Myopathy and/or rhabdomyolysis have been reported when simvastatin is used in combination with lipid-altering doses (≥1 g/day) of niacin. Patients on SIMCOR should be monitored for muscle pain, tenderness or weakness, particularly during the initial month of treatment or during upward dose titration. Periodic CK determinations may be considered in such situations, but there is no assurance that such monitoring will prevent myopathy. SIMCOR therapy should be discontinued if CK levels above 10x ULN occur or if myopathy is diagnosed or suspected.
SIMCOR should not be substituted for equivalent doses of immediate-release niacin. Severe hepatic toxicity, including fulminant hepatic necrosis, has occurred in patients substituting sustained-release niacin for immediate-release niacin at equivalent doses. If switching from immediate-release niacin to SIMCOR, initiate with the lowest SIMCOR dose (500/20 mg) and titrate to the desired therapeutic response. Doses greater than 2000/40 mg are not recommended.
SIMCOR should be used with caution in patients who consume substantial quantities of alcohol and/or who have a past history of liver disease.

Liver function tests should be performed on all patients before treatment begins and every 12 weeks for the first 6 months, and periodically thereafter (eg, at approximately 6-month intervals). Should an increase in transaminase levels of more than 3x ULN persist, or if transaminase elevations are associated with symptoms of nausea, fever, and/or malaise, withdrawal of SIMCOR therapy is recommended.
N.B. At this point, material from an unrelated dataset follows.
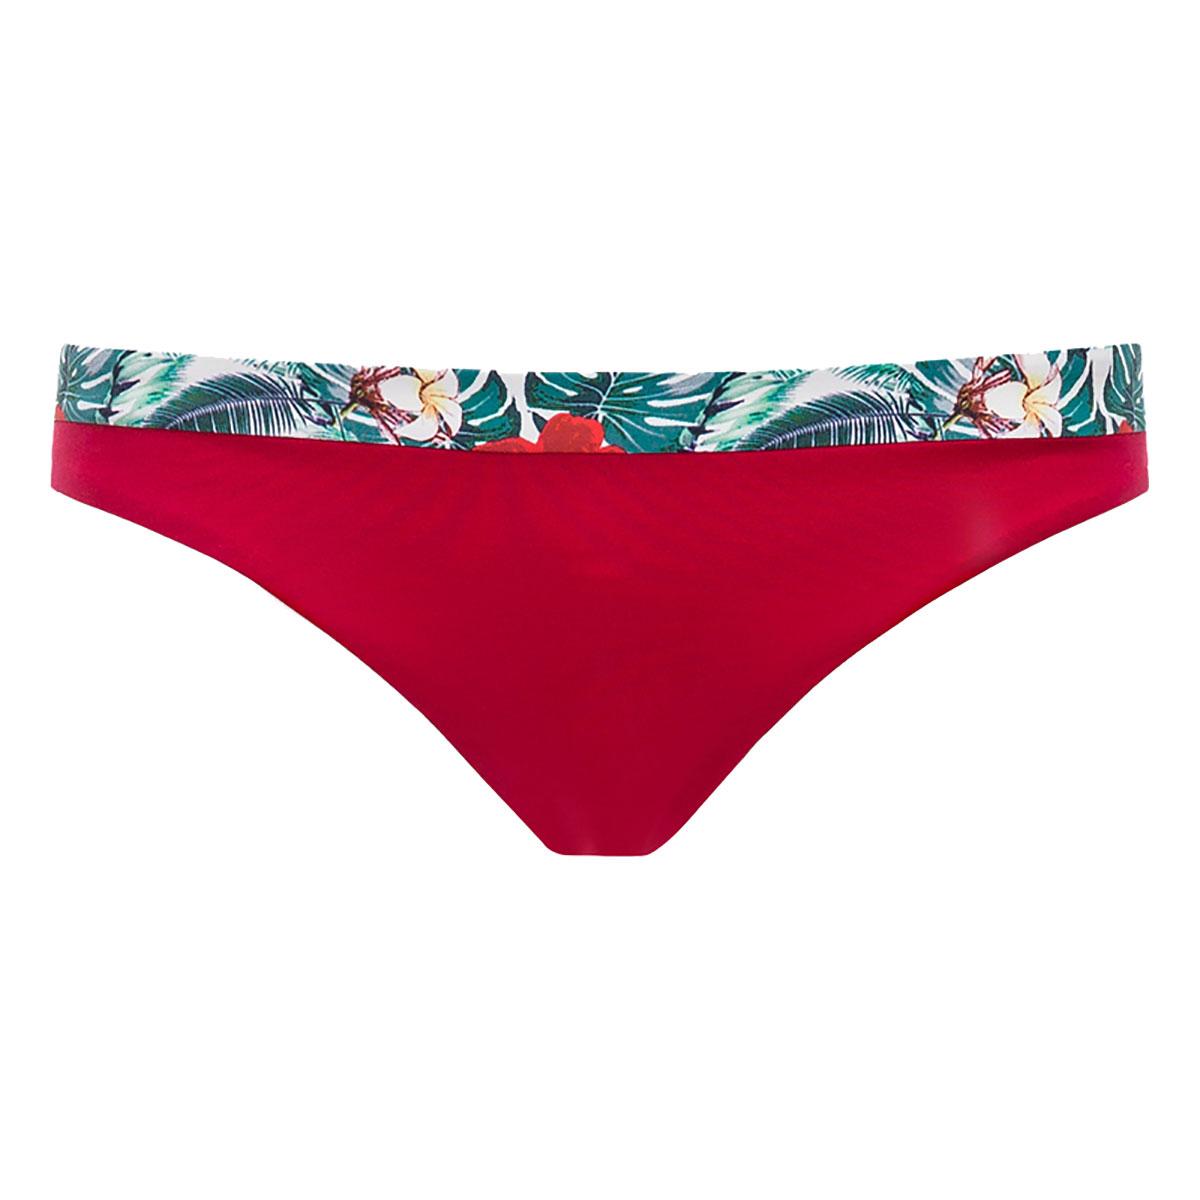 bas de maillot de bain rouge et imprim tropical femme. Black Bedroom Furniture Sets. Home Design Ideas

Niacin treatment can increase fasting blood glucose. Glucose levels should be closely monitored in diabetic or potentially diabetic patients particularly during the first few months of use. Adjustment of diet and/or hypoglycemic therapy or discontinuation of SIMCOR may be necessary.
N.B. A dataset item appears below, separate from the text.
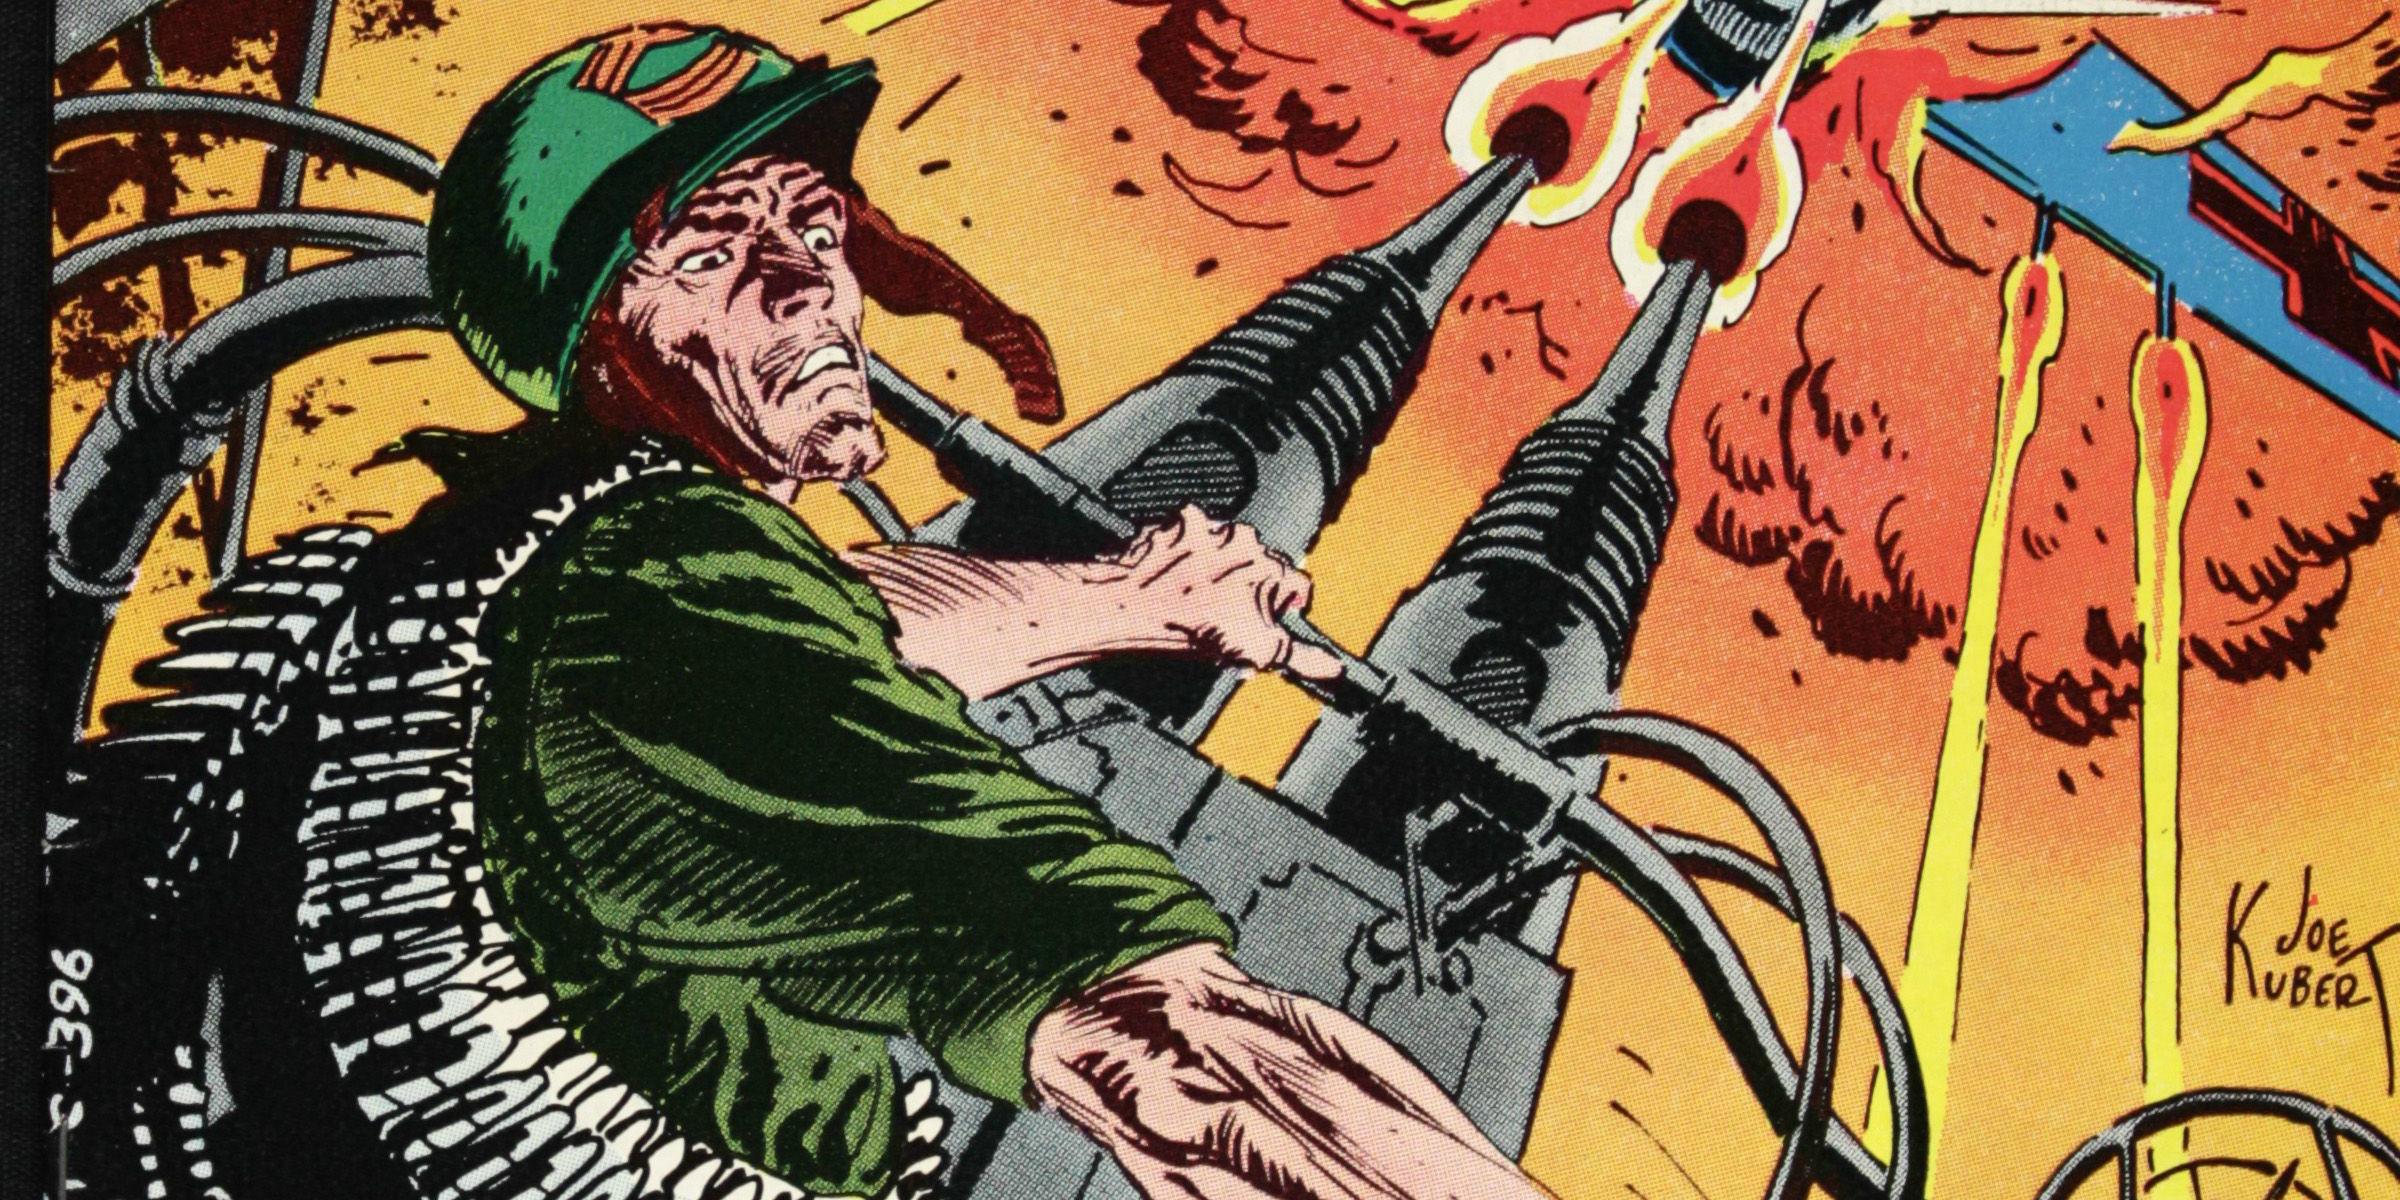 esquadrão-suicida-comparação-hq-quadrinhos-filme-robert-kanigher-ross-andru-3

Niacin can reduce platelet count and phosphorus levels and increase uric acid levels.
In patients taking coumarin anticoagulants, monitor prothrombin time and INR before initiating SIMCOR and frequently after initiation or alteration of SIMCOR therapy until stable.
The most common adverse event with SIMCOR is flushing (warmth, redness, itching and/or tingling) which occurred in 59% of patients and resulted in study discontinuation for 6% of patients. Flushing may vary in severity and is more likely to occur with initiation of therapy or during dose increases. Spontaneous reports with niacin extended-release and clinical studies of SIMCOR suggest that flushing may be accompanied by symptoms of dizziness, syncope, tachycardia, palpitations, shortness of breath, sweating, chills and/or edema.
Other common adverse events occurring in ≥3% of patients treated with SIMCOR included headache, pruritus, nausea, back pain, and diarrhea.

Reference:

SIMCOR [package insert]. North Chicago, IL: Abbott Laboratories.